Sr. Alfred, he tenido una silueta dibujada en sueños y vigilias, es usted mirándome desde un arriba que no alcanzo. Ha pasado bastante tiempo desde que en la Bahía Bodega nada ocurre. No sé nada de mi familia, estoy incomunicada y si es que alguien me escribe, o no, es porque nada importo. Desde lejos veo la casa de Mitch, al otro lado, y parece que el olvido tiene empachos de morderme esta putrefacción que llevo dentro. ¿Acaso es usted, inquietante Alfred, dueño de todo lo que soy? Una maestra echada a la desolación inmediata que enseña y se mortifica por un amor que no supo conciliarse. Mirándolo a través de Cathy y aguantándome un cariño desgarrador entre mis palabras; mi admiración por ella y su hermano, la impotencia de tomar las maletas y retirarme de todo; mi desprecio hacia usted, hacia esa mujer que llevan por madre y a la que debo ésta mi peste y entera incuria.

 

Conseguí un buzón rojo. Los alumnos me han ayudado a colocarlo frente a la casa. El buzón lleva escrito: “Hayworth”. Y todos en el pueblo empiezan a reconocer mis referencias: una caduca y ciega enamorada que no rinde y que no permanece en sí misma. La primera vez que escuché su nombre, misterioso Alfred, sentí miedo de ser asechada. Fue entre sueños, como le digo siempre, y en cuestión de segundos atendí a su imponente voz y a sus ideas. “Annie Hayworth, la identifican por Annie Hayworth”, lo escucho, porque sé que no estoy sola después de todo.

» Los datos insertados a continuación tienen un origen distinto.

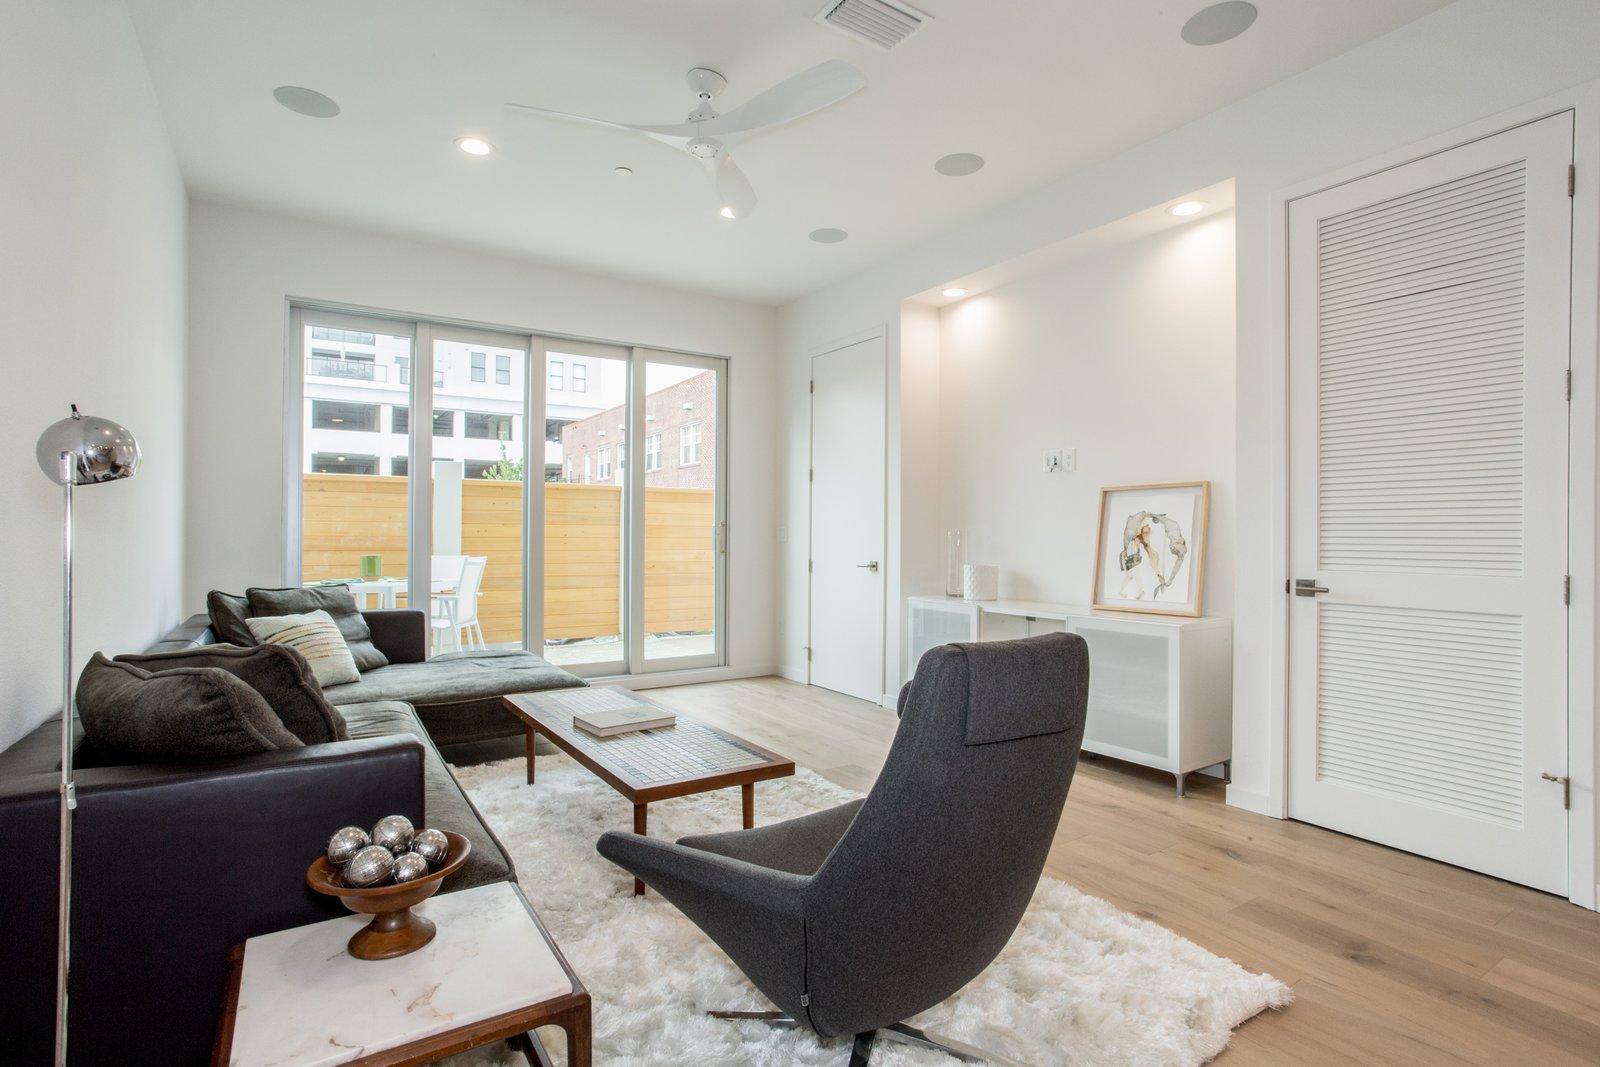 Living Room.  LIV233 by Hudson Harr

Sin embargo, traigo unas ganas inmensas de morir. Le digo. Usted sabe que sólo mirando a Cathy me sostengo. En la escuela, los niños me distraen de toda profunda oscuridad y aflicción. Usted lo piensa, lo sabemos.

 

 

Esta soledad no me beneficia en nada. El otro día me encontré cerca del muelle a la señora Lydia, tenía esas mismas arrugas y la mirada entrecortada, como sufriéndose una vida de pérdidas y cabizbajos. A ella no la suelen ver merodeando por el pueblo, por eso se me hizo extraño; en cambio, Mitch se encarga de salvaguardarlas, y se ha puesto la responsabilidad de ocupar el lugar de su padre. Sin más remedio que esconder el rencor que le debo, apenas pude desearle los buenos días antes de que siguiéramos nuestro camino. Usted, embustero Alfred, dijo que pronto todo esto acabaría. Y le pregunto: ¿cuándo?

 

He decidido asecharlo desde este mundo de cabeza. El abandono ya no me atiende, se va desquebrajando y sólo el jardín ha podido mantenerme distraída, se vuelve una obsesión. Puse un letrero de alquiler para que alguien ocupe un espacio más en este piso, que nada teme, que nada cambia. Aquí sobra mucho tiempo para enamorarse. Aquí vuelve uno a encontrar el optimismo, supongo que ese no ha sido su objetivo en mí, instalándome sola en Bahía Bodega, admirado y cruel Alfred, pero entiendo que así sea el traspapelado y el kamikaze de sus visiones enmarcadas. De seguro esa es la razón de sus avisos. Justamente el cadáver de un cuervo, asido a los hilos del destino, anunciaron la fenomenal idea de dirigirme a una fosa; entonces, tras la ventana levanté las primeras sobras de su plumaje y la ceniza de sus patas y un pico quebrado, como apuntándome desde su perspectiva.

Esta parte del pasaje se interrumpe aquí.